Label Over Logic? How Source Cues Bias Human Fallacy Judgments More Than LLMs

arXiv – CS AI|Mahjabin Nahar, Nafis Irtiza Tripto, Aiping Xiong, Ting-Hao `Kenneth' Huang, Dongwon Lee|
🤖AI Summary

A research study comparing human and LLM reasoning capabilities found that humans are significantly more biased by source labels when evaluating logical fallacies, while LLMs maintain more consistent performance regardless of whether content is attributed to humans or AI. This finding suggests LLMs could enhance human decision-making in AI-mediated environments by providing source-agnostic analysis.

Analysis

This arXiv research examines a critical vulnerability in human cognition as AI-generated content becomes ubiquitous online. The study demonstrates that humans systematically downgrade their critical evaluation when content appears human-authored, even when the underlying logic contains clear fallacies.
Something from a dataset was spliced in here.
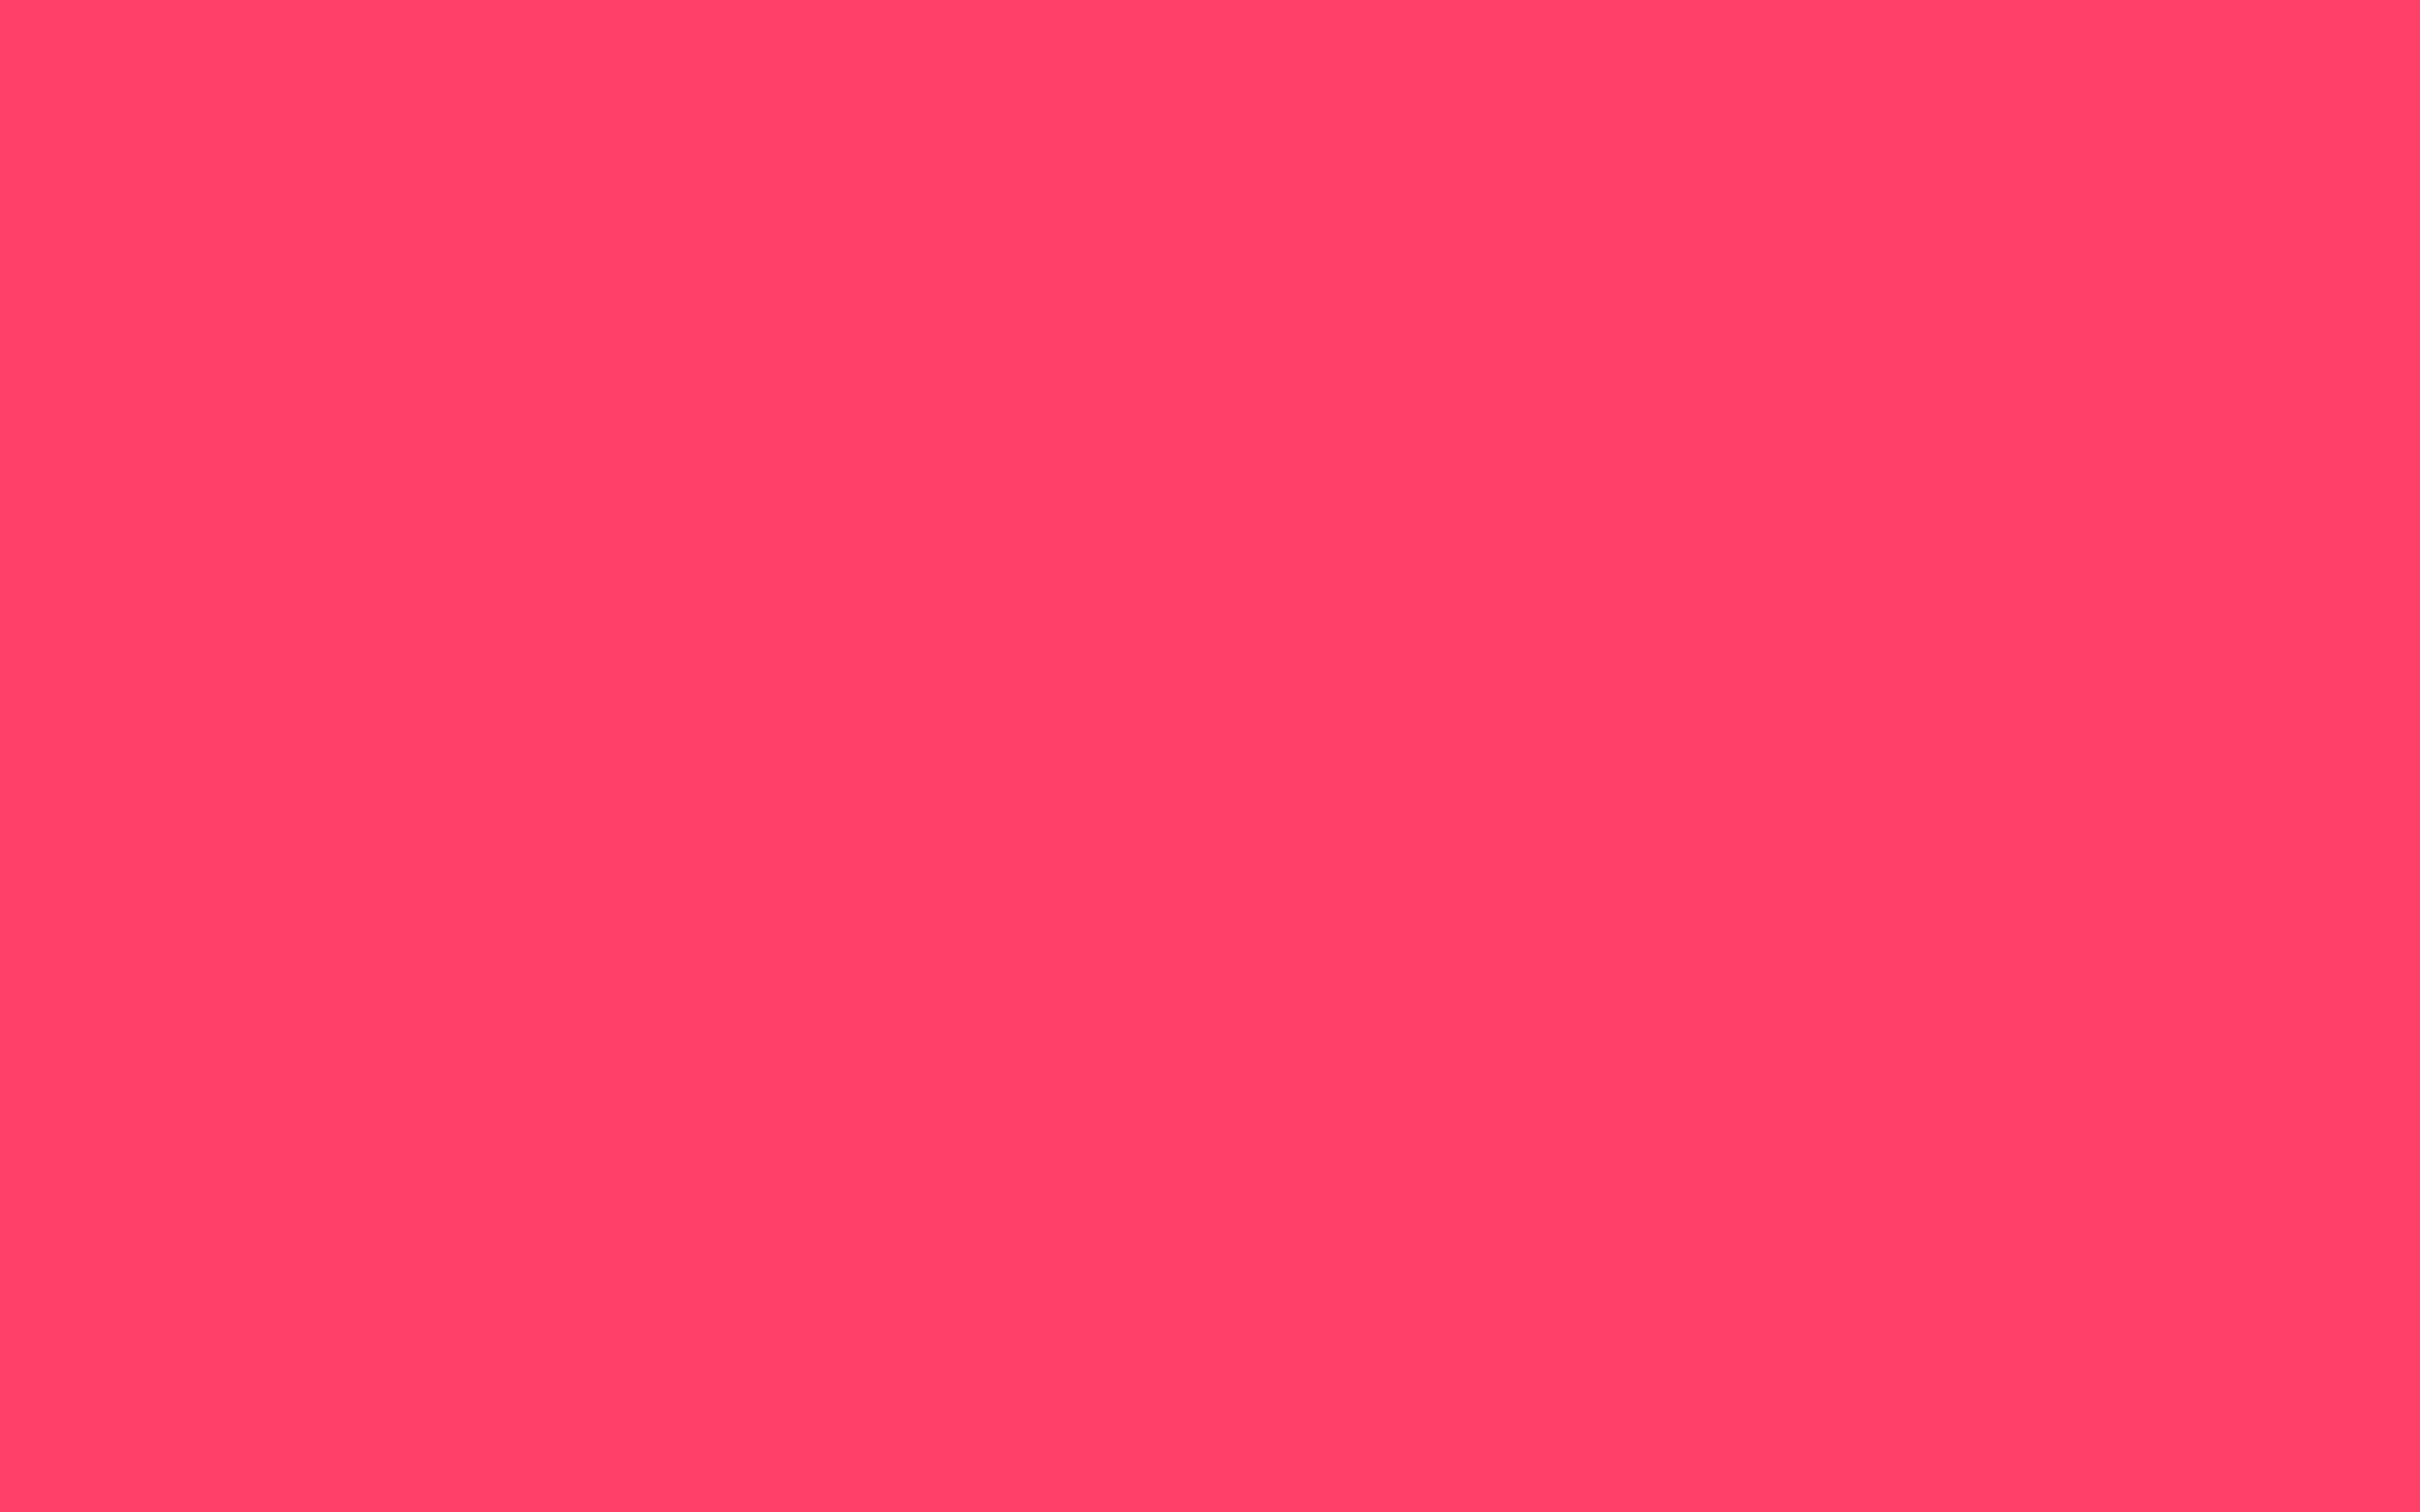 Neon Orange Backgrounds - WallpaperSafari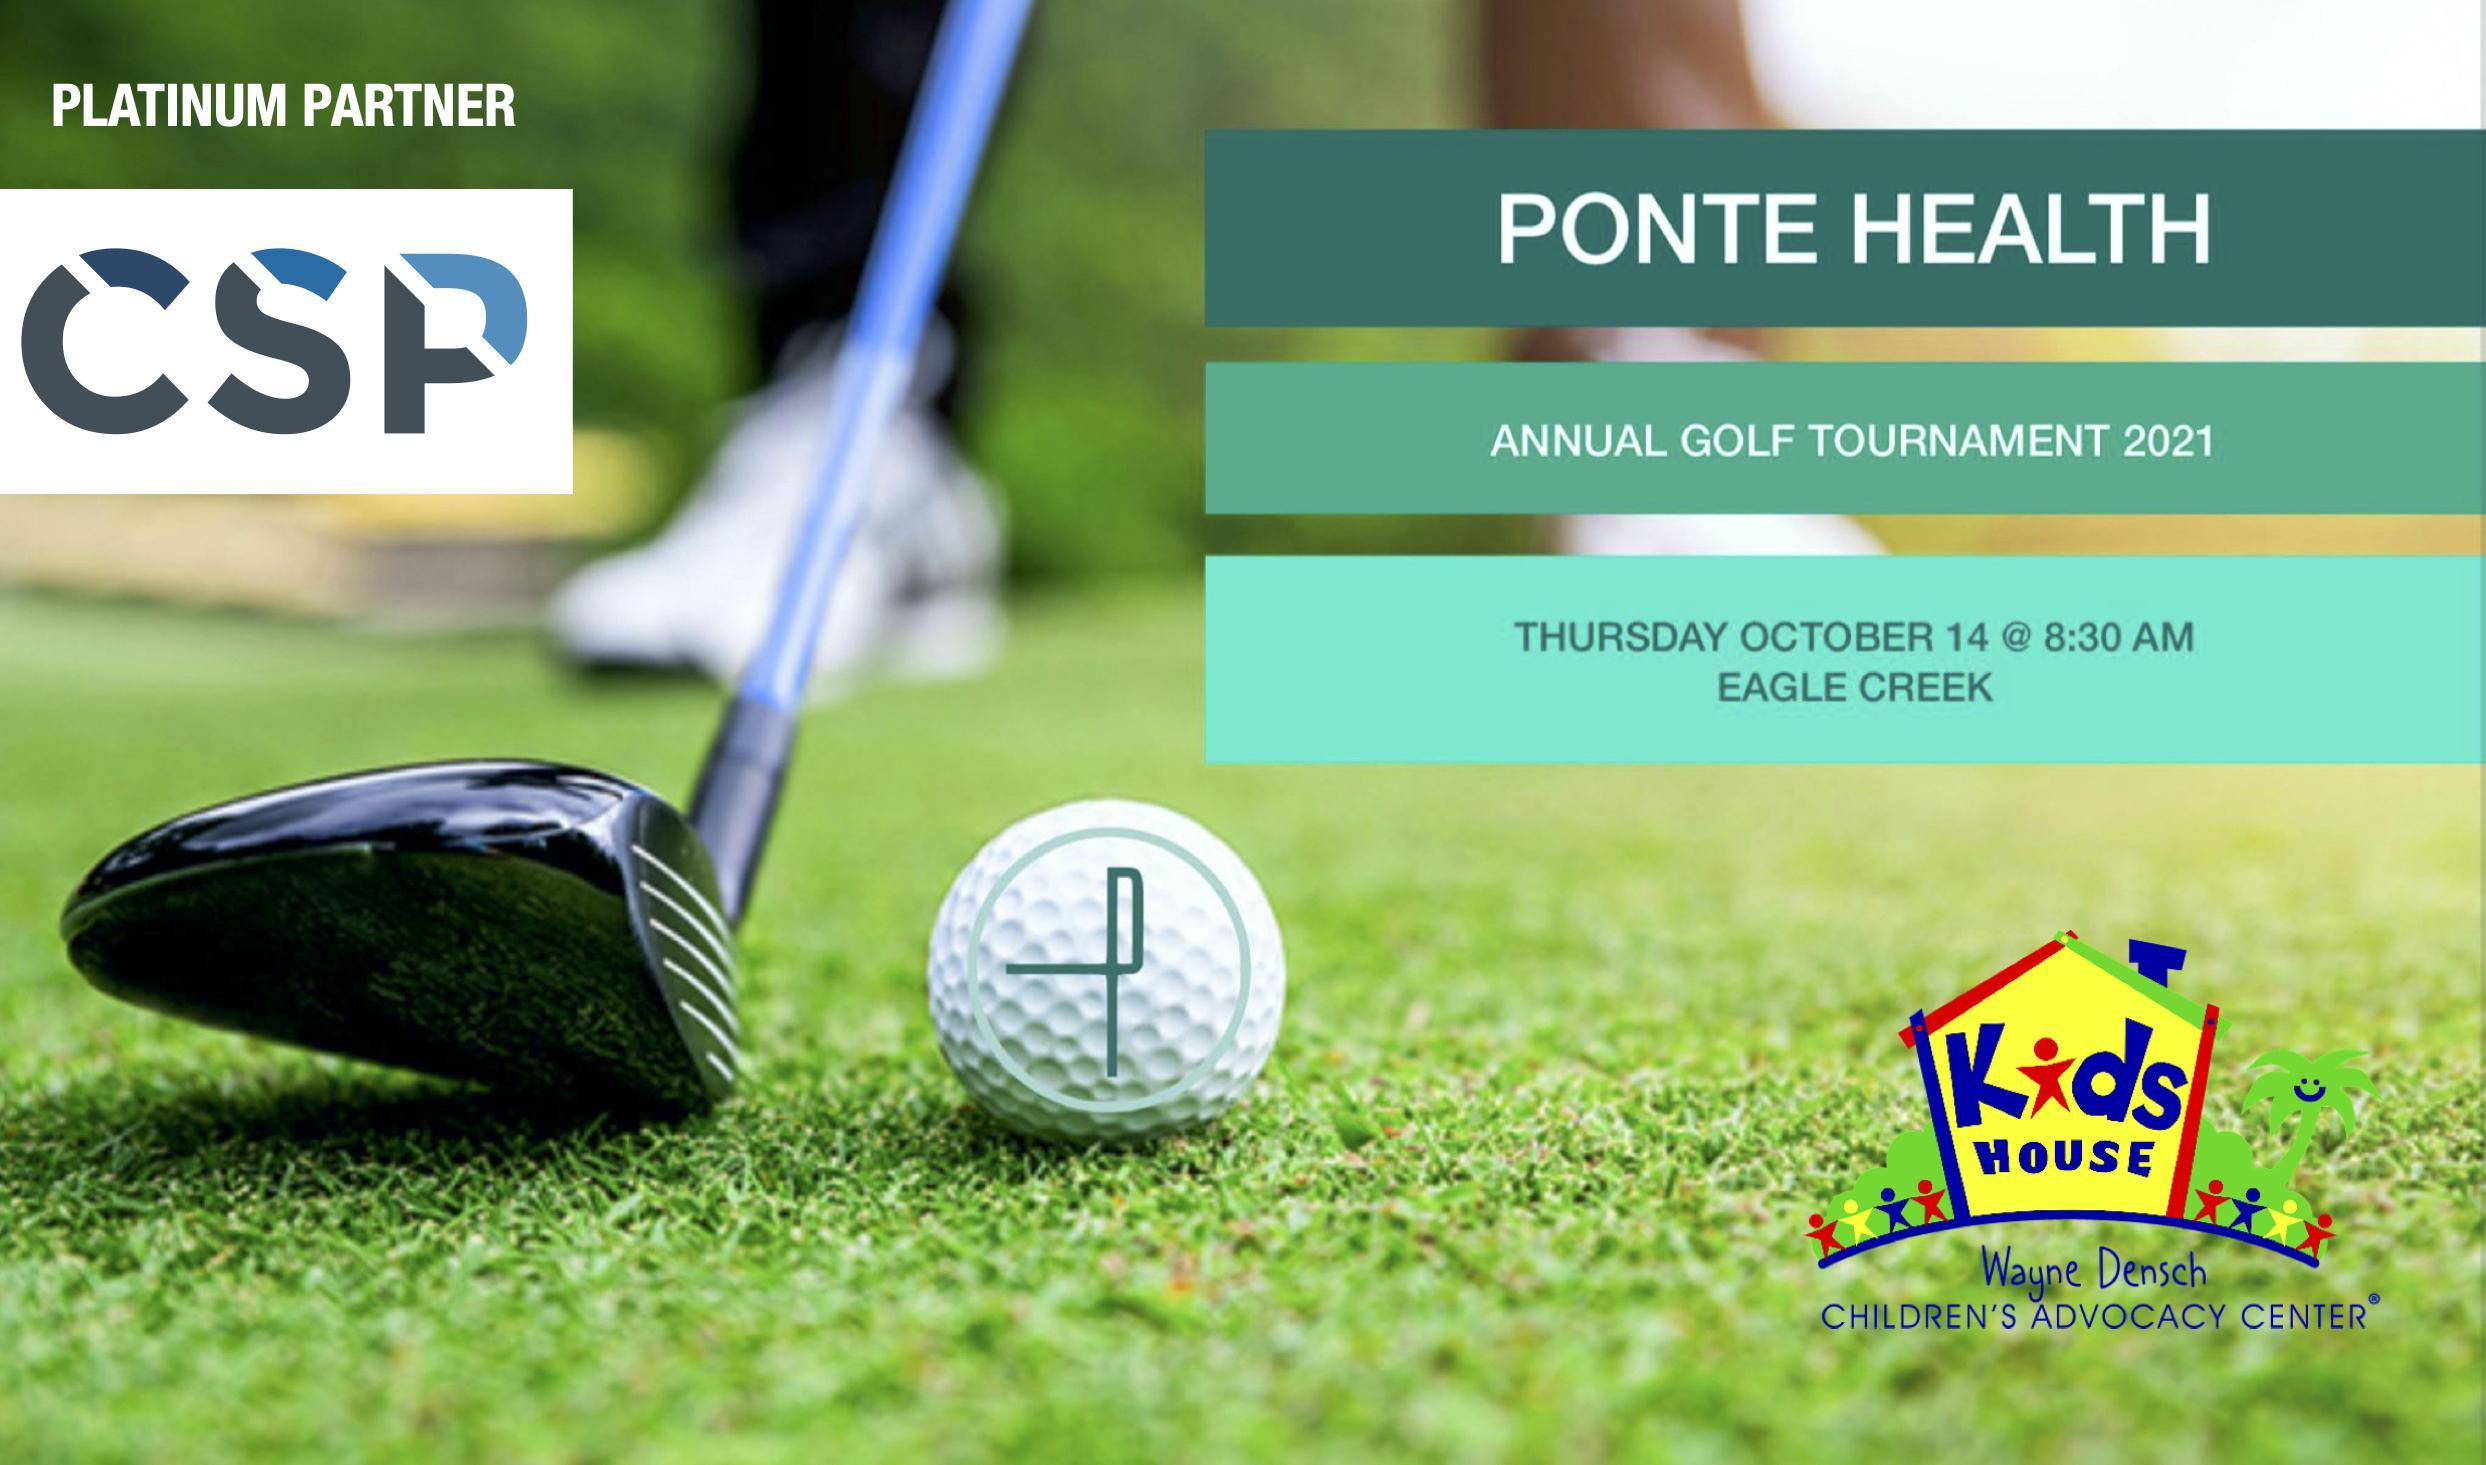 Ponte Health's 4th Annual Golf Tournament 2021

Participants assigned higher trust ratings to human-attributed statements compared to AI-attributed ones, despite identical logical quality—a pattern that persists even when humans receive disclosure about AI assistance.

The research addresses a growing concern in digital information ecosystems. As AI tools proliferate, source attribution increasingly influences perception more than actual content quality. This bias has immediate consequences for content moderation platforms, which rely on human judgment to flag misinformation and logical fallacies. If humans systematically trust human-generated content more credibly, they may inadvertently allow fallacious reasoning to spread while over-scrutinizing AI outputs.

LLMs in this study demonstrated remarkable source-agnosticism, maintaining stable performance across all disclosure conditions. This capability positions AI systems as potential correctives for human bias in reasoning evaluation. The implications extend beyond academic research into practical applications: human-AI teams evaluating claims or arguments could leverage AI's source-blind assessment to counter cognitive biases. The study suggests LLMs are less vulnerable to the heuristics that compromise human judgment.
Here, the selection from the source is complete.